| The problem |
Only one stretch of the data below is needed: the line with "Σιωπηλή αρχιτεκτονική από" through the last line. Output it exactly and drop the pictures.

──────── Recorded data

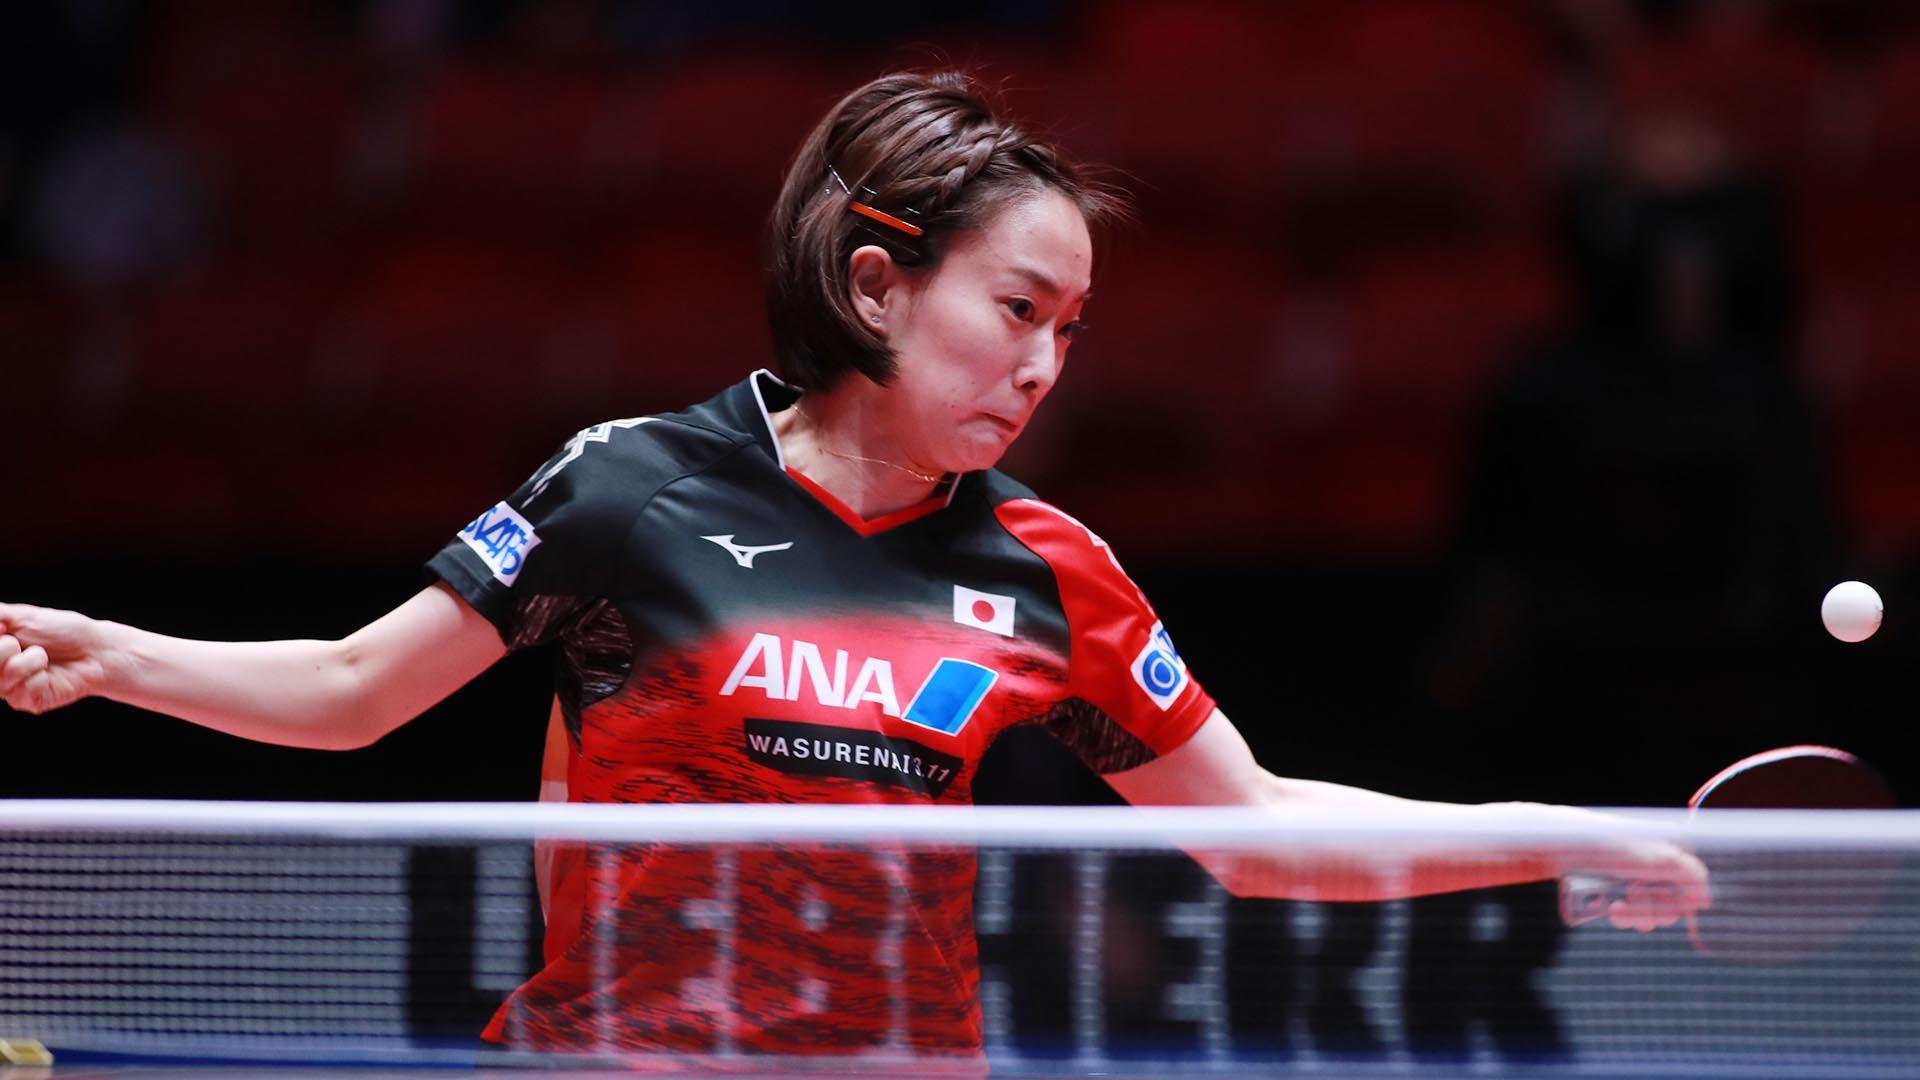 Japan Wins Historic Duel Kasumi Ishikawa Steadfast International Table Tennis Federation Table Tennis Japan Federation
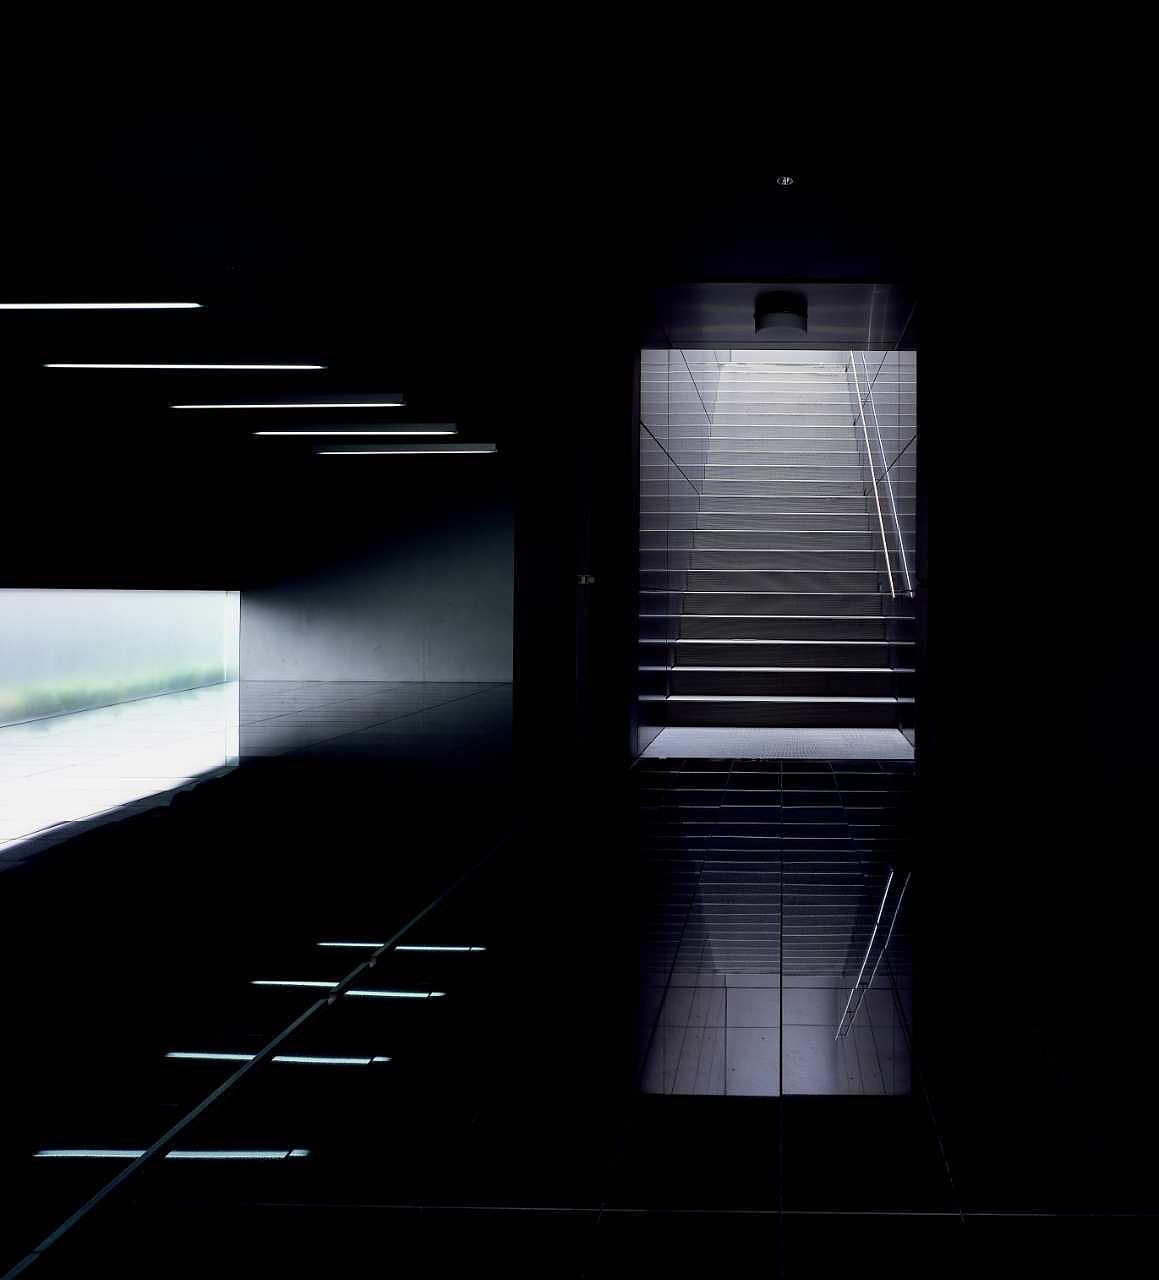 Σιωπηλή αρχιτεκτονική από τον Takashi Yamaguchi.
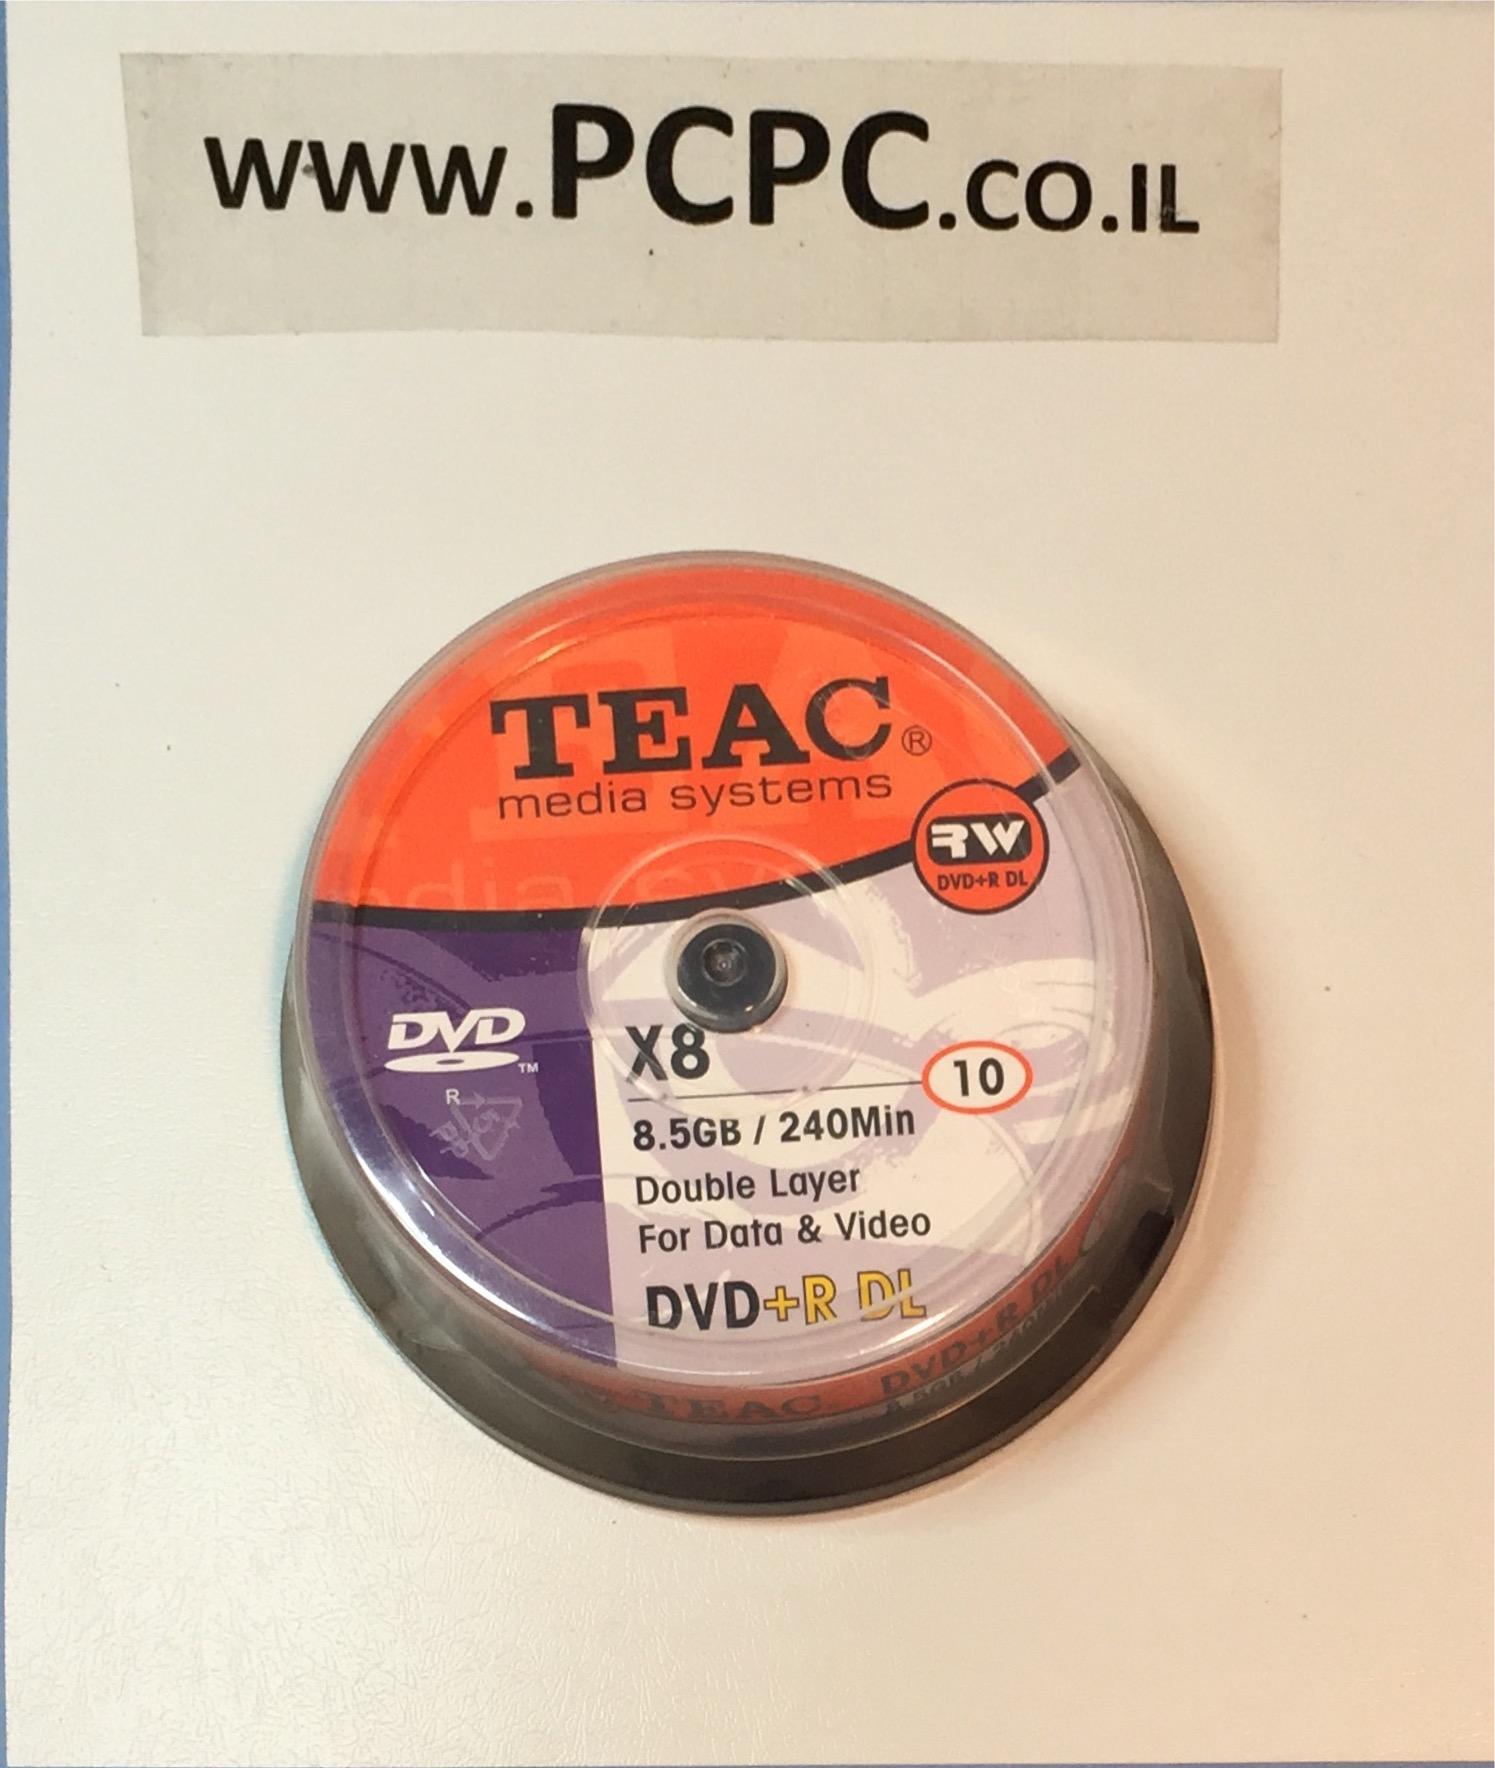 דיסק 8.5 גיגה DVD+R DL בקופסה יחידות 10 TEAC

────────────────

| Task response |
 Σιωπηλή αρχιτεκτονική από τον Takashi Yamaguchi.
 דיסק 8.5 גיגה DVD+R DL בקופסה יחידות 10 TEAC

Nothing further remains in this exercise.